We all want to feel like we belong somewhere. In today’s connected world, one-fifth of adults in the U.S. are online “almost constantly,” according to Pew Research Center. But the internet can be a lonely place. Although “social” media sites like Facebook, Snapchat, Instagram and Twitter exist, it can be hard to have genuine interactions with people.
That’s where Imzy comes in. Imzy, which aims to be a platform for genuine conversations with like-minded people, is launching out of private beta today. It also recently closed an $8 million Series A round led by Index Ventures.
“What makes me most excited about the funding is it gives us time,” Imzy CEO Dan McComas told me. “As I think about telling our community members, ‘look we got this money,’ I’m excited to tell them we have the money to get this right for you. The money to take the time that your communities need so that we can really evolve the tools, the developer platform, the payments platform and really get this stuff right and we don’t have to force ourselves too early into advertising or growing communities in ways that are unnatural for the communities. We now have a number of years to take our time and get the community thing right. That’s the most important thing.”
There are currently over 50,000 people on Imzy across 6,000 Imzy communities, with 50-60 percent of them being active weekly, in which people discuss sexuality, relationships, games, books, politics and so much more.
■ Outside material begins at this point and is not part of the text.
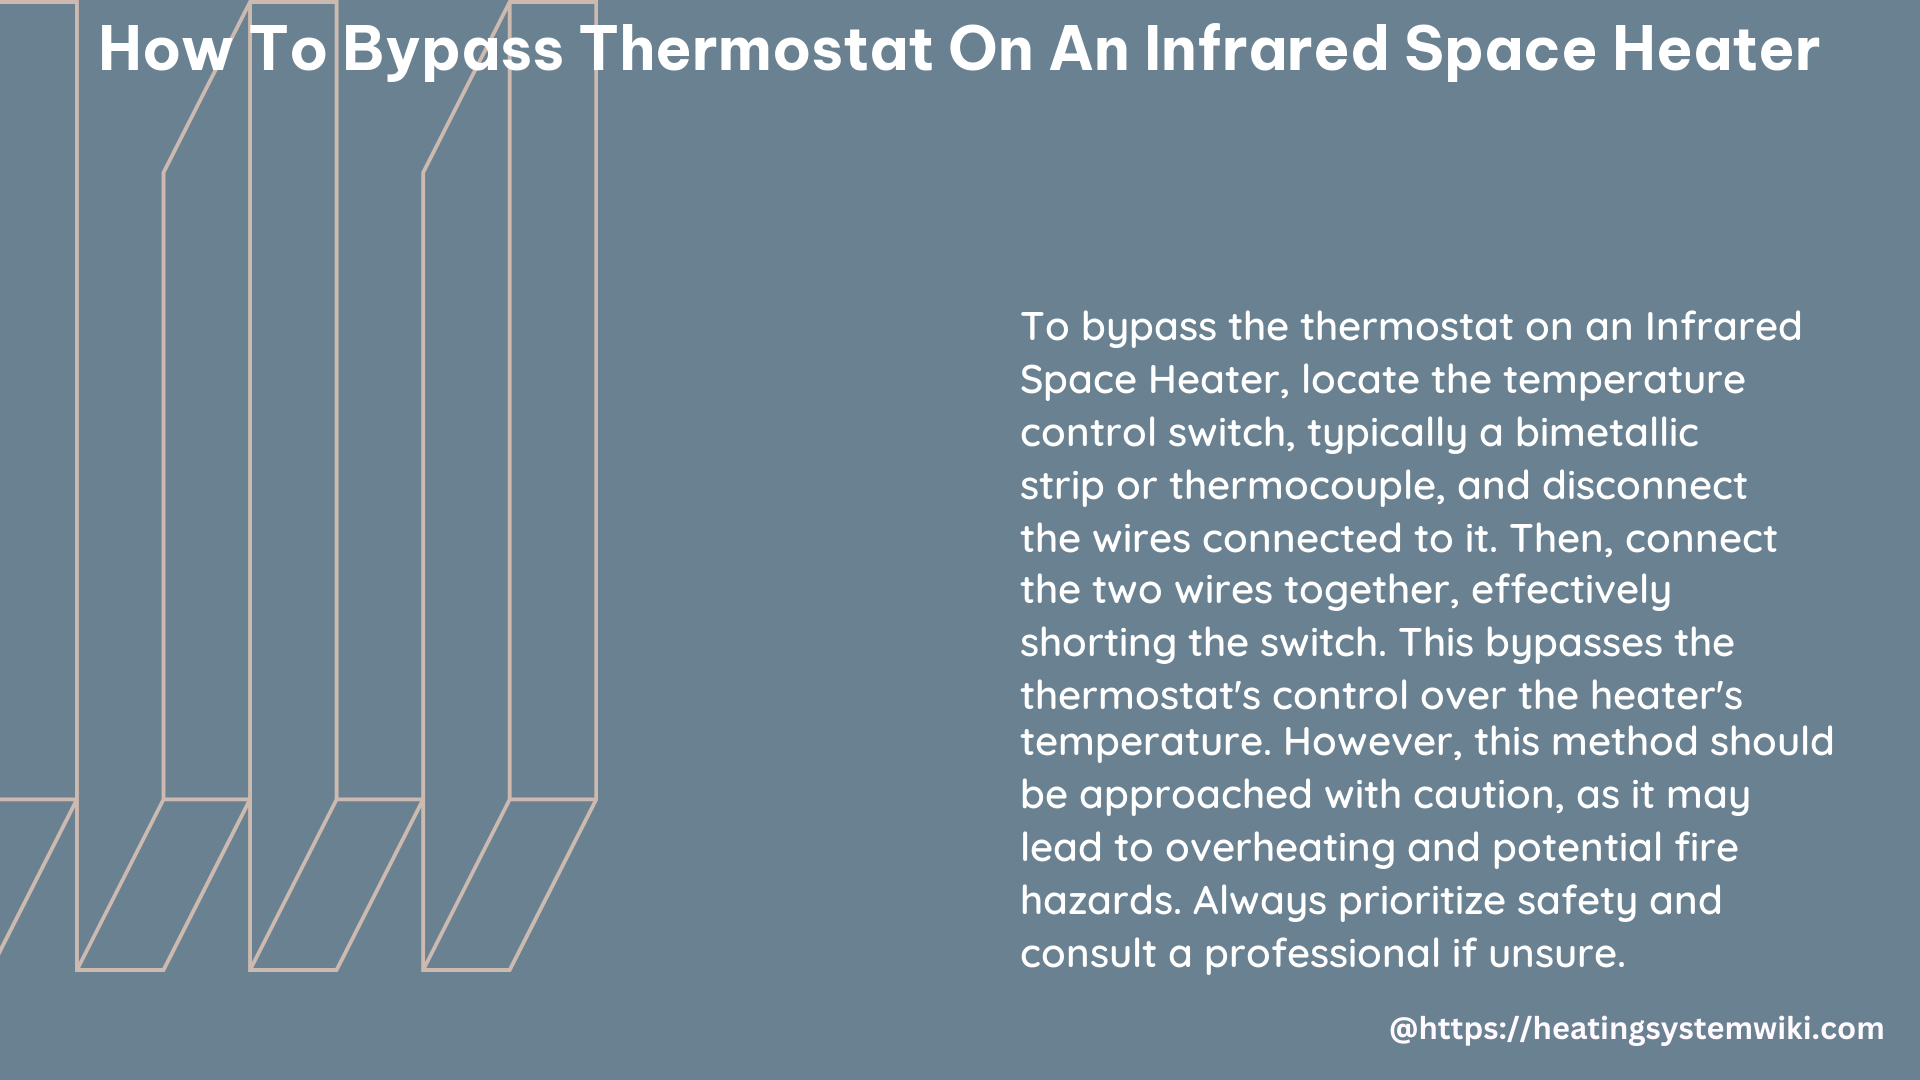 how to bypass thermostat on an Infrared Space heater

If the community you’re looking for doesn’t exist, you can create it yourself. The idea is that anyone and everyone has a place to go for safe, healthy conversations.
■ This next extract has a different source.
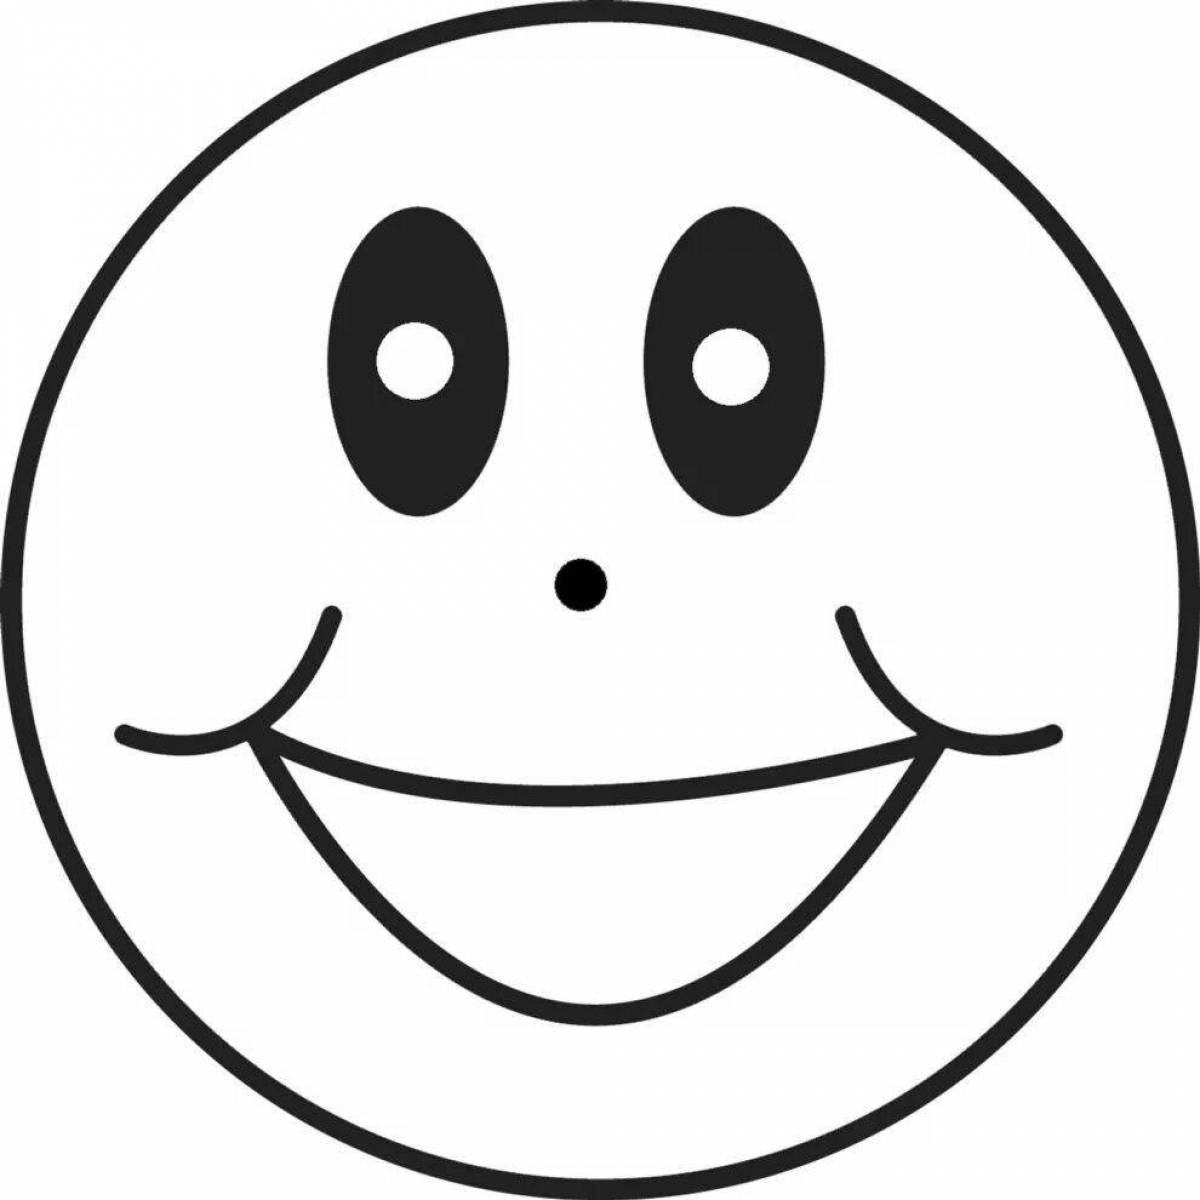 Glowing coloring page with smiley face

“We’ve been very proactive and very thoughtful about exactly what we want to have happen and the things that would be detrimental to having healthy communities,” Imzy Head of Community Jessica Moreno told me earlier this month. “We have a lot of experiences looking at that stuff. There are a lot of things that result in the worst behavior that you don’t need to allow to begin with. So we’ve been very deliberate about that, where most places took 10 years to decide that they needed to start addressing things.”
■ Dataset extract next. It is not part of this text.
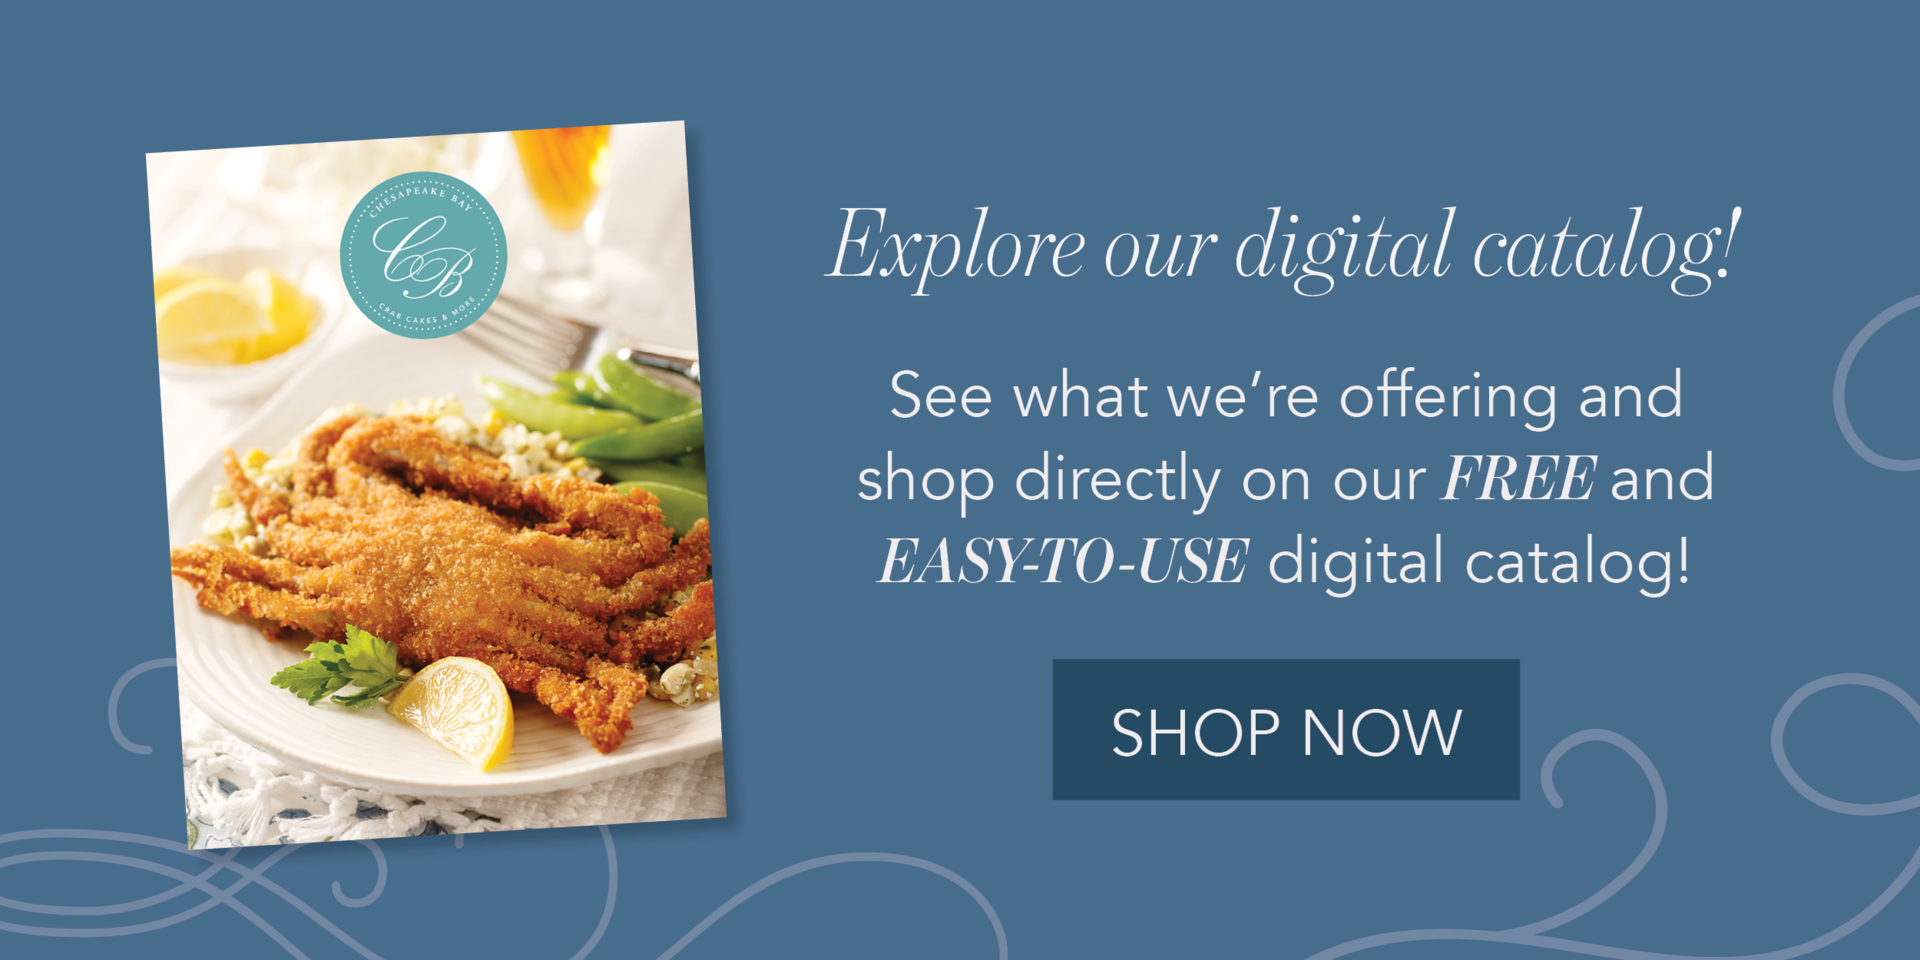 Browse the digital catalog

I’ve been bopping around on Imzy and have grown to adore a community on polyamory. I’ve been blown away by the amount of support and great advice I’ve received. What’s unique about Imzy is its flexibility around identities. You can be anyone you want on Imzy, including yourself, and even have multiple usernames, if you’d like. For example, I’m totally anonymous in the polyamory community, but I’m myself in the community about racism.
What I don’t want is people flooding to the site thinking that it’s Reddit because it’s just not Reddit.
Another unique aspect of Imzy is its developer platform, which enables community members and leaders to build the features they need, and then share them with the rest of the larger Imzy community. Through the developer platform, people could easily build a tool for communities to schedule events and take RSVPs, hook a payment platform into it and then charge a few bucks to people who want to attend. The aim is to prevent community fragmentation while also enabling other communities on Imzy to benefit from the tools on the developer platform.
Imzy has a tips platform that lets you reward great posts, and the team is also working on ways for communities to enable peer-to-peer transactions, crowdfunding and ultimately enable them with the tools to make money. That could be in the form of selling tickets for an in-person meetup or selling community swag and merchandise.
When I first wrote about Imzy in May, I called it the “anti-Reddit” — mostly because the vast majority of the co-founders (including McComas and Moreno) used to work at Reddit, where they ultimately felt frustrated by the platform’s lack of community. But McComas wants to move past that comparison.
“If it can just end,” McComas said regarding the comparison to Reddit. “I just want it to be for communities online. Reddit is about content and that’s great. I want to be about communities. What I don’t want is people flooding to the site thinking that it’s Reddit because it’s just not Reddit. There are some parallels that we can draw but the more that we get into this and the more that we see the site grow, the less and less it really is looking like Reddit. The more the developer platform starts to evolve and really — that will come in the next couple of months, but the more that starts to happen, the more the platform begins to really evolve.”